GIVEN INFORMATION
• • • • •

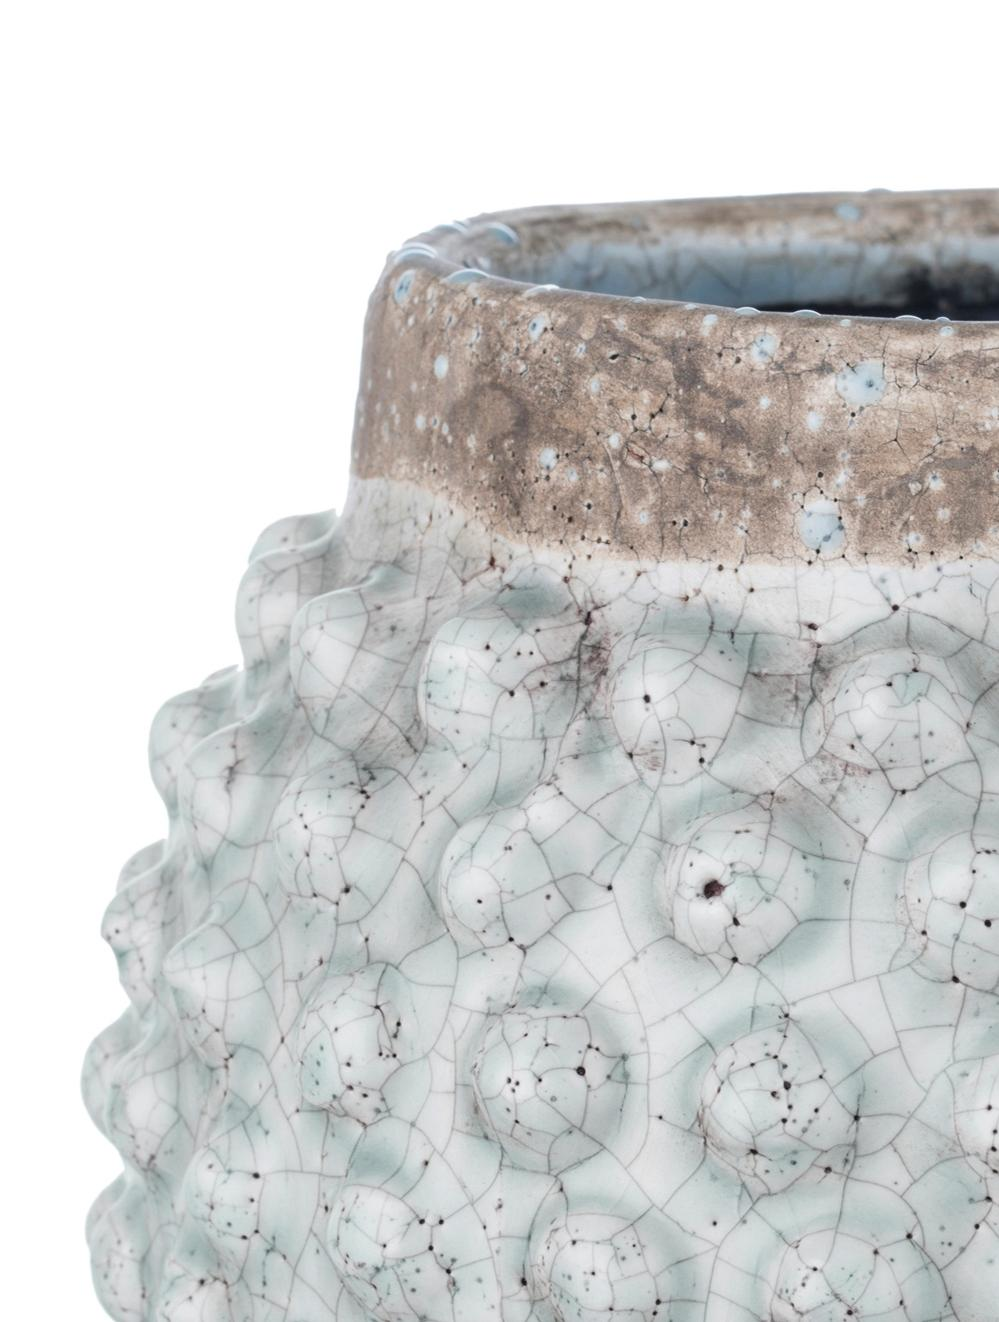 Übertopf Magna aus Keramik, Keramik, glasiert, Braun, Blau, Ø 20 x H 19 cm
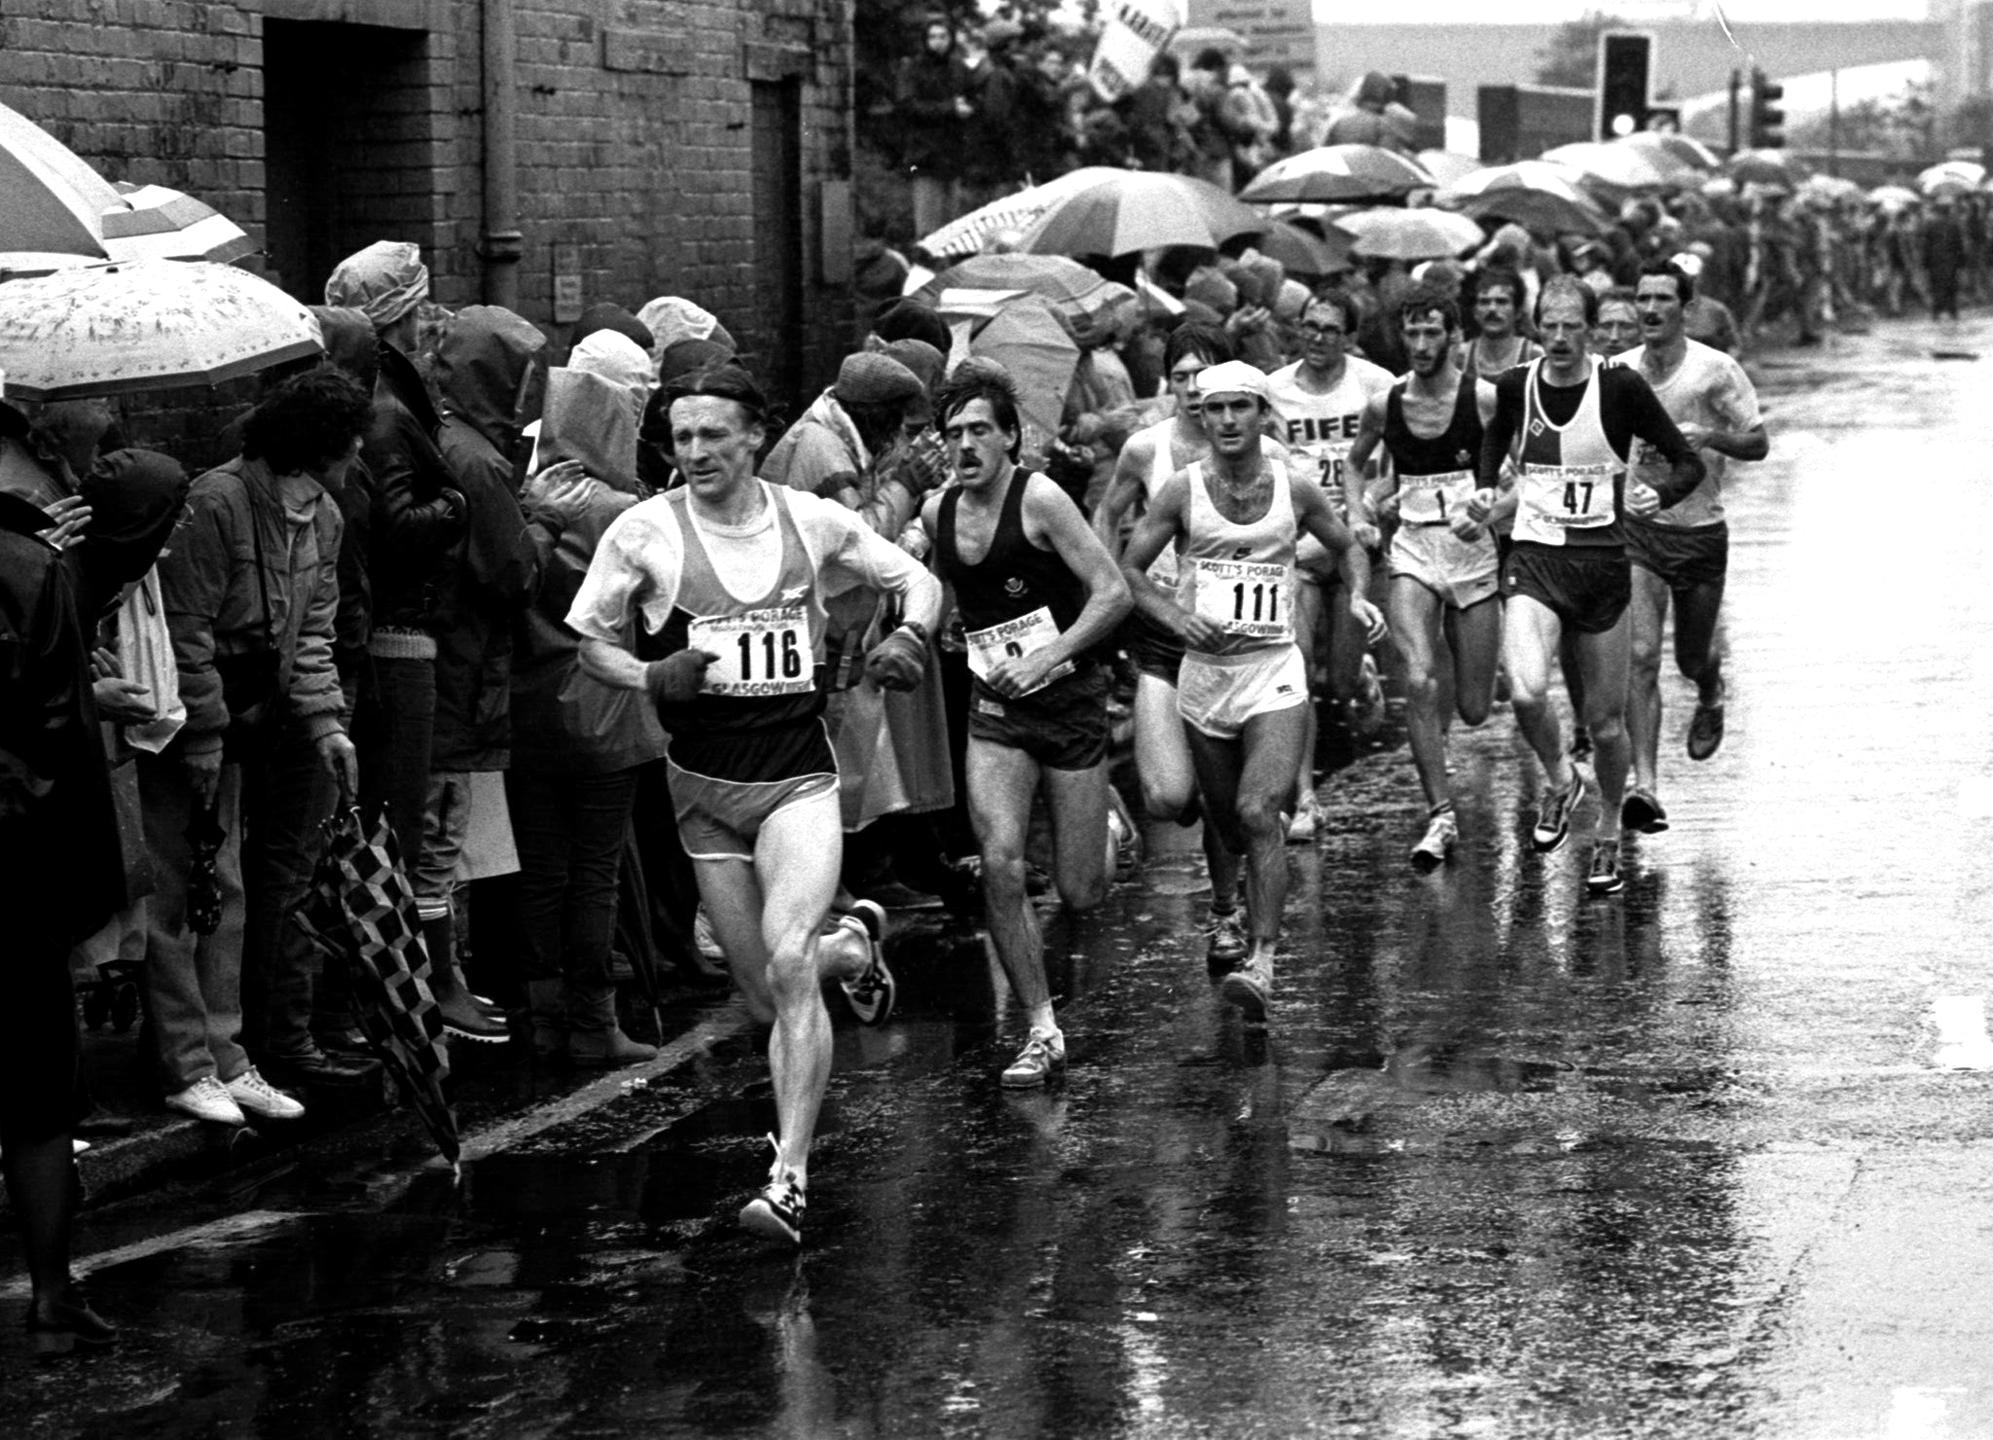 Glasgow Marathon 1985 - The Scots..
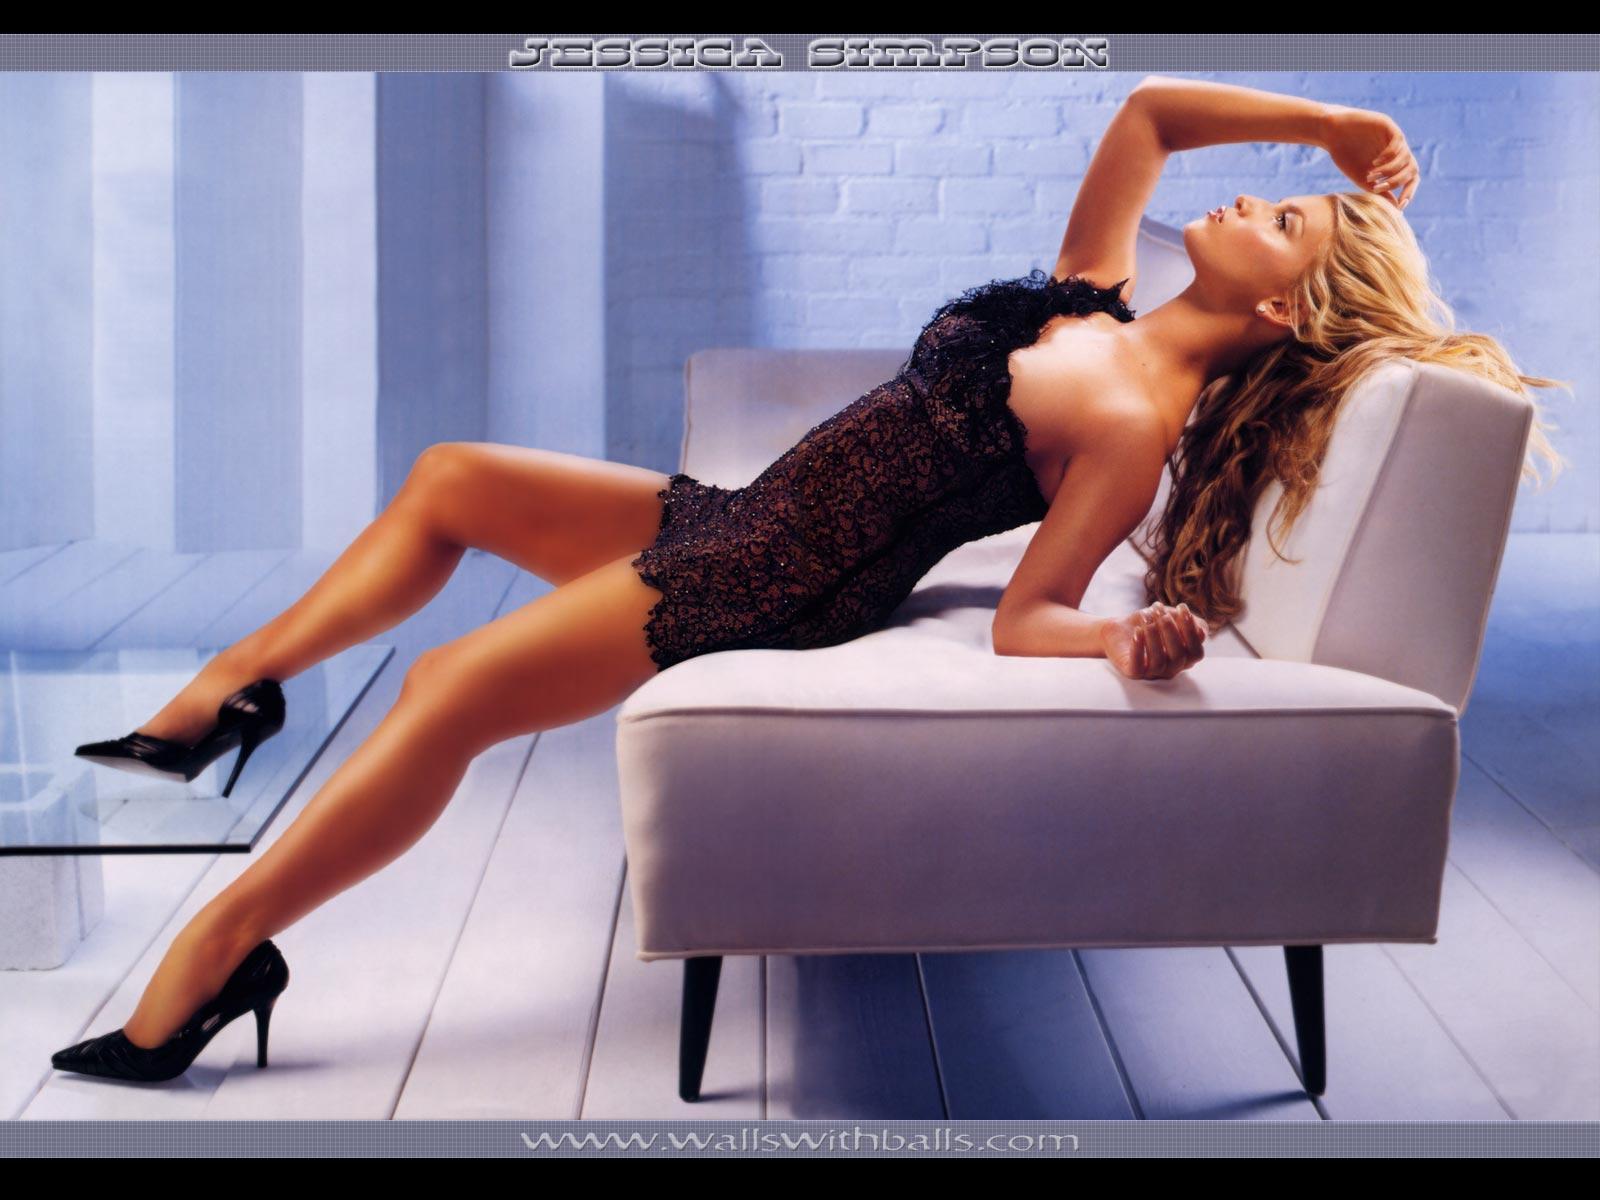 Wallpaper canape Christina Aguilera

• • • • •

REQUIRED WORK
Repeat, exactly and in full, all the material above except its pictures.

FINAL ANSWER
 Übertopf Magna aus Keramik, Keramik, glasiert, Braun, Blau, Ø 20 x H 19 cm
 Glasgow Marathon 1985 - The Scots..
 Wallpaper canape Christina Aguilera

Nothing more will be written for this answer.